Re: [Xen-devel] Proposed XENMEM_claim_pages hypercall: Analysis of problem and alternate solutions



On Jan 11, 2013, at 11:03 AM, Konrad Rzeszutek Wilk <konrad.wilk@xxxxxxxxxx> 
wrote:

> Heya,
> 
> Much appreciate your input, and below are my responses.
>>>>> A) In Linux, a privileged user can write to a sysfs file which writes
>>>>> to the balloon driver which makes hypercalls from the guest kernel to
>>>> 
>>>> A fairly bizarre limitation of a balloon-based approach to memory 
>>>> management.
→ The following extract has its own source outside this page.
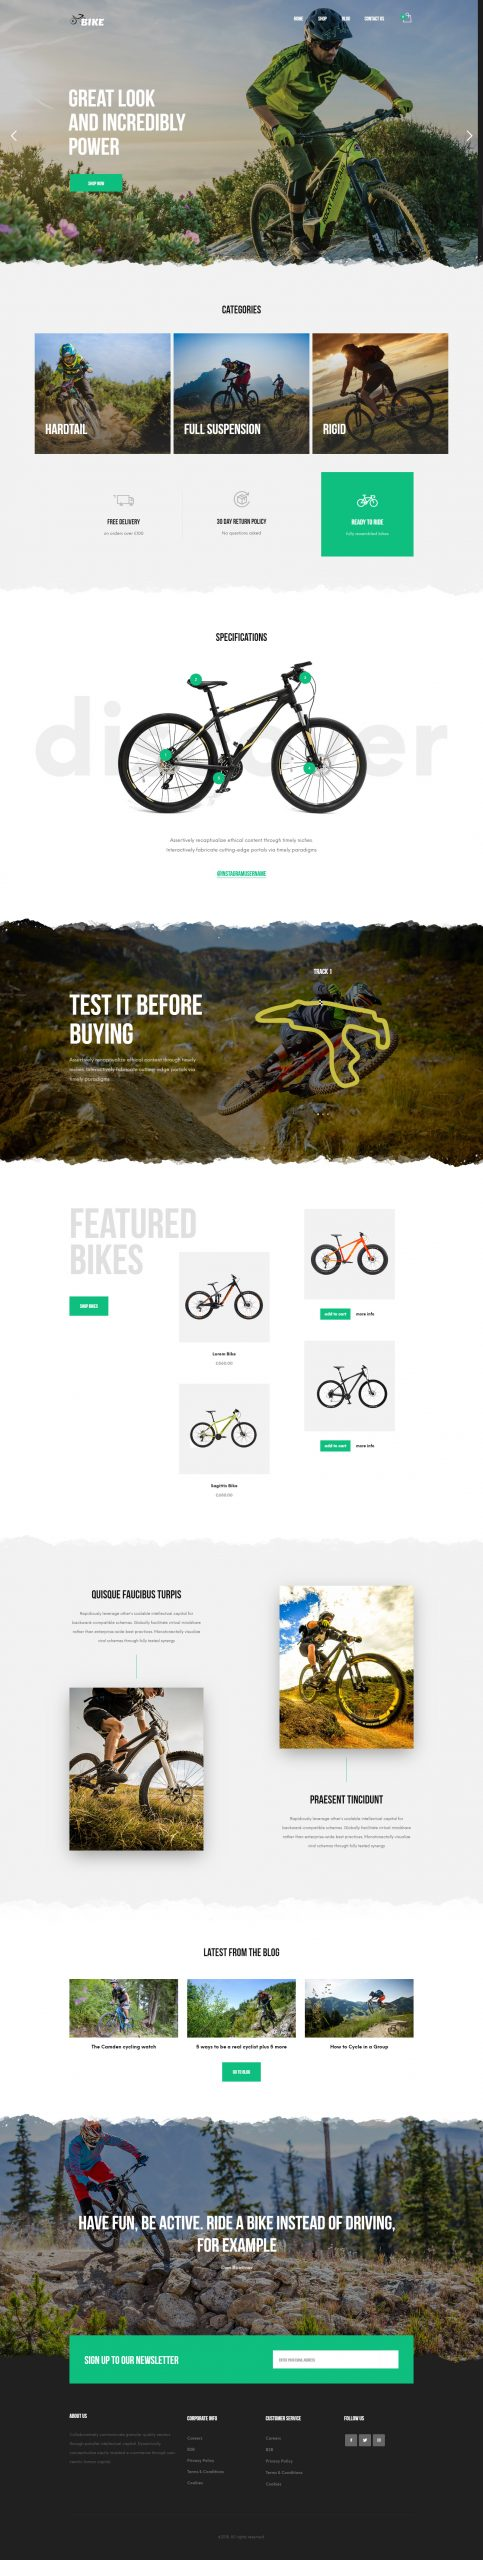 bike cycle website template

Why on earth should the guest be allowed to change the size of 
>>>> its balloon, and therefore its footprint on the host. This may be 
>>>> justified with arguments pertaining to the stability of the in-guest 
>>>> workload. What they really reveal are limitations of ballooning. But the 
>>>> inadequacy of the balloon in itself doesn't automatically translate into 
>>>> justifying the need for a new hyper call.
>>> 
>>> Why is this a limitation? Why shouldn't the guest the allowed to change
>>> its memory usage? It can go up and down as it sees fit.
>> 
>> No no. Can the guest change its cpu utilization outside scheduler 
>> constraints? NIC/block dev quotas? Why should an unprivileged guest be able 
>> to take a massive s*it over the host controller's memory allocation, at the 
>> guest's whim?
> 
> There is a limit to what it can do. It is not an uncontrolled guest
> going mayhem - it does it stuff within the parameters of the guest config.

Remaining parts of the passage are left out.